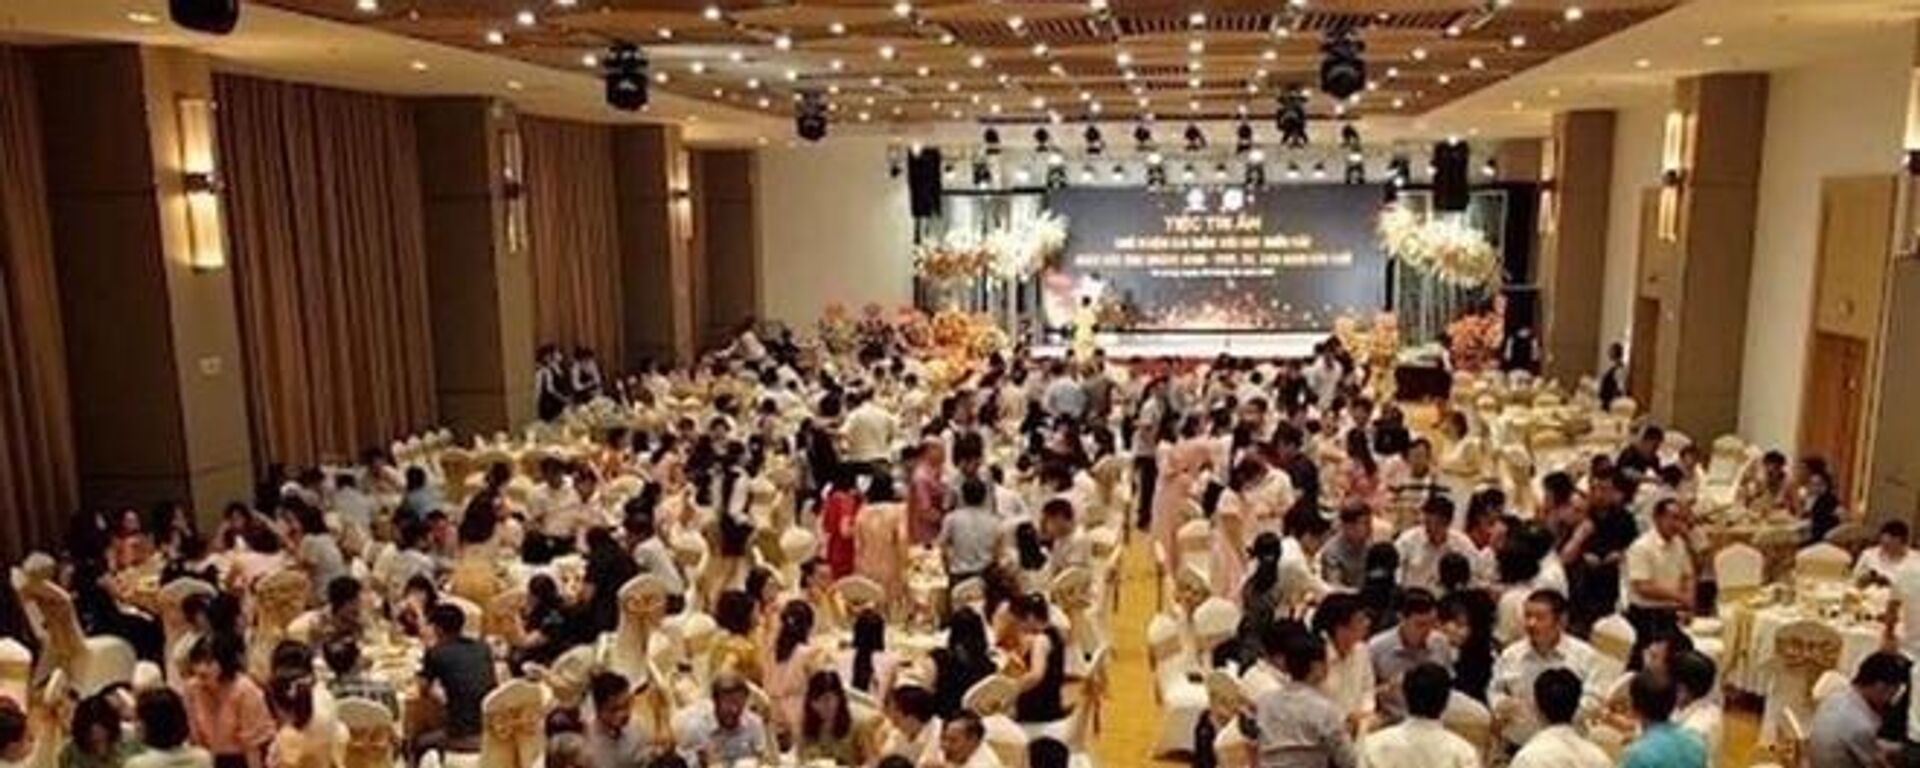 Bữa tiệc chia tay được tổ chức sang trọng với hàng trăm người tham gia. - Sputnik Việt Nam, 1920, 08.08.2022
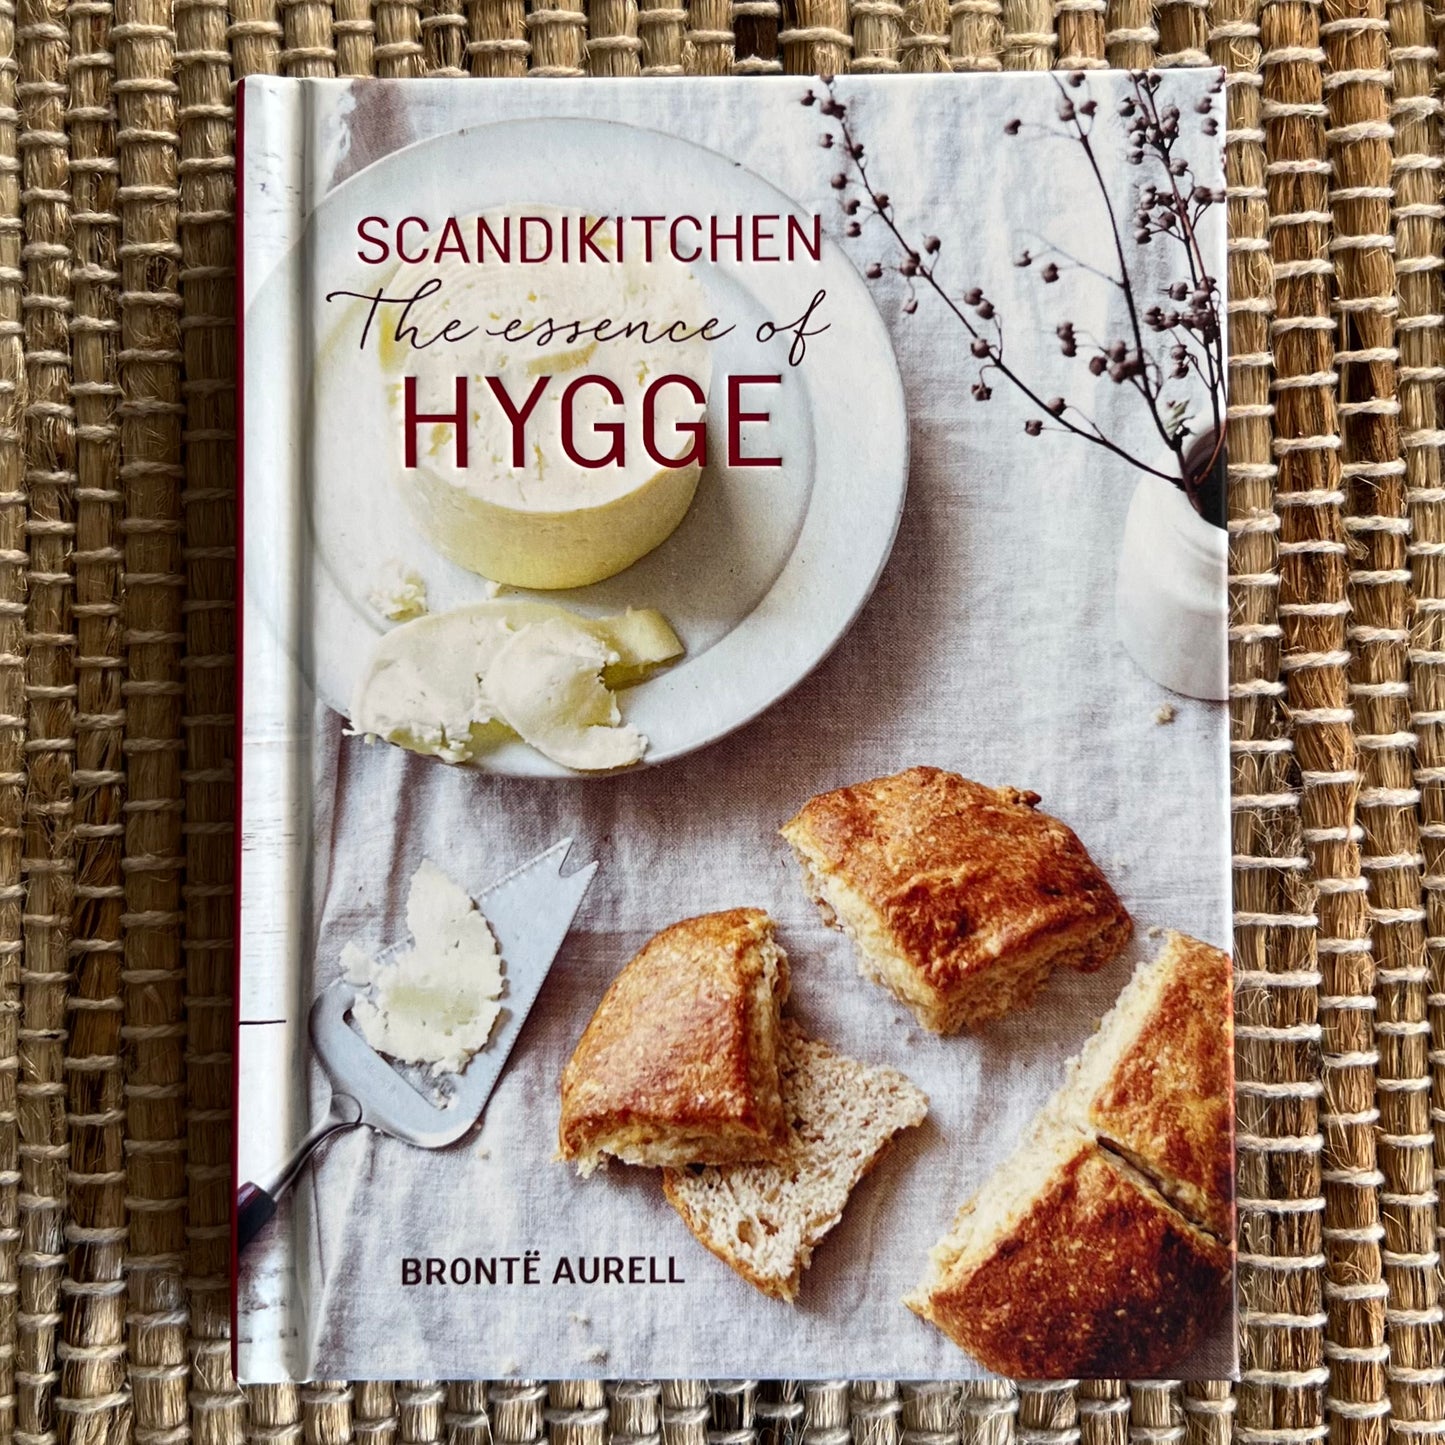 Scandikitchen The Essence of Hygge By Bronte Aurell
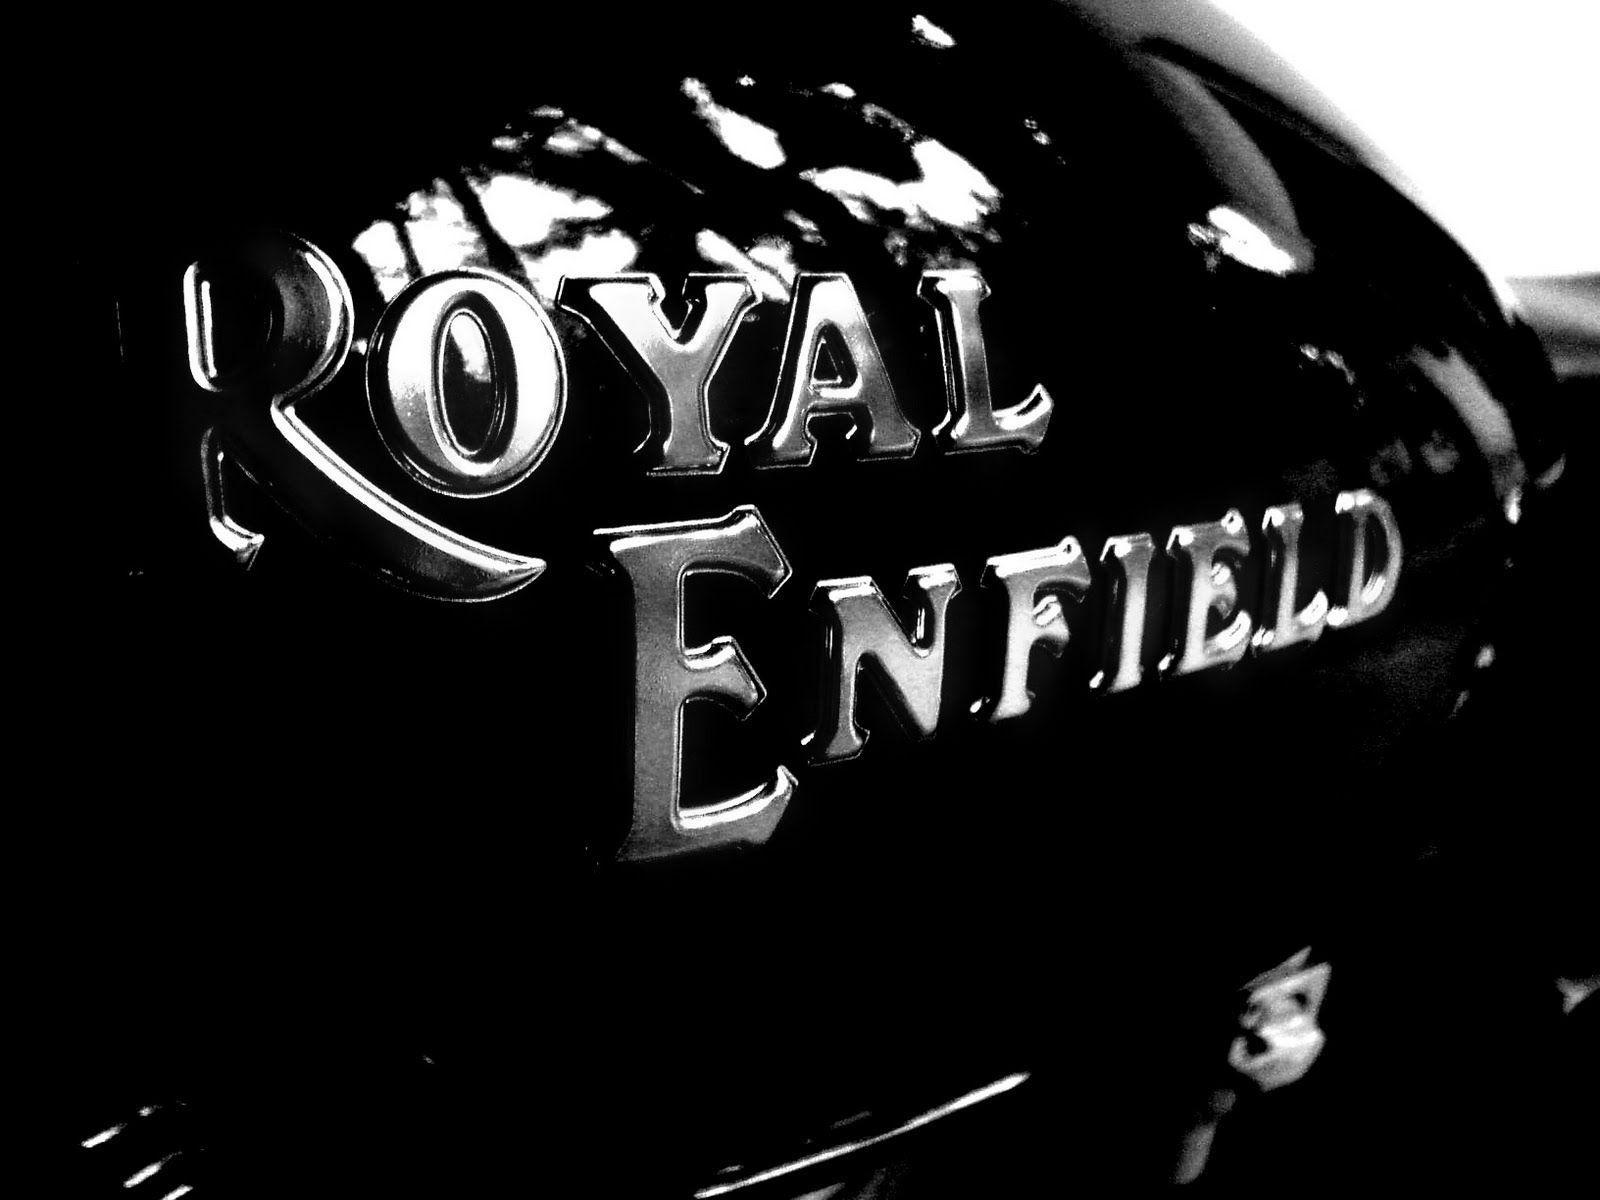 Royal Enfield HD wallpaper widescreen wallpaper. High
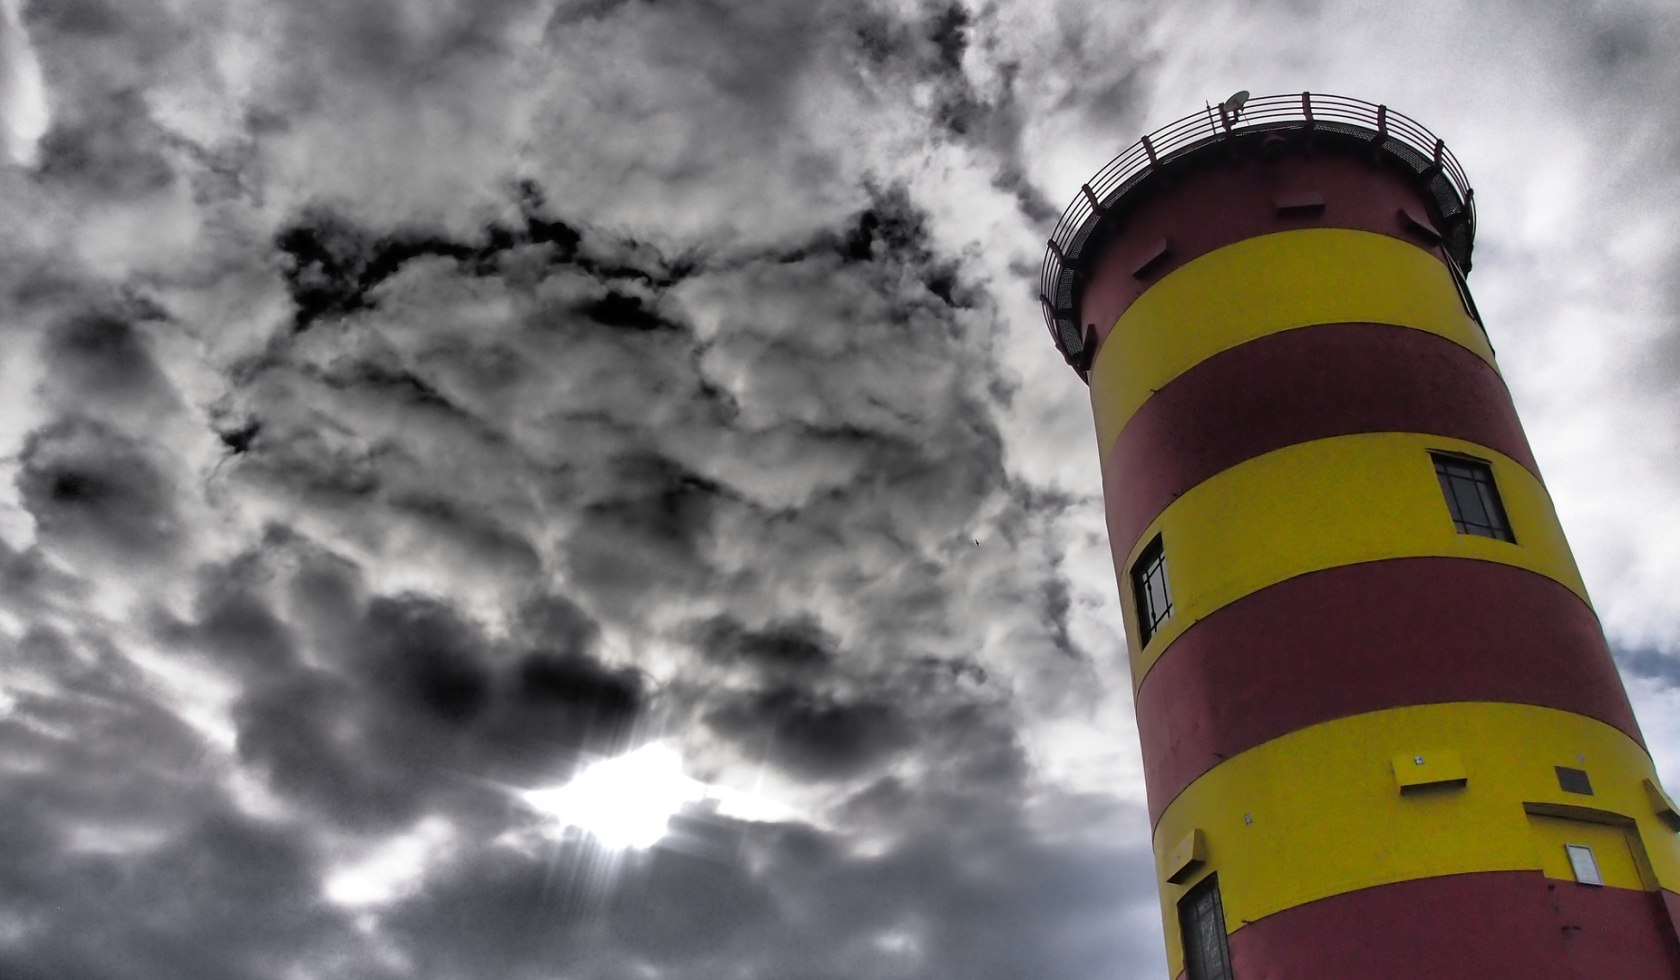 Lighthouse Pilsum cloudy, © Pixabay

* * *

# Required action:
Everything from the line containing "Royal Enfield HD" to the last line of the listing above is to be written out exactly, except the pictures, and nothing else.

# Expected answer:
 Royal Enfield HD wallpaper widescreen wallpaper. High
 Lighthouse Pilsum cloudy, © Pixabay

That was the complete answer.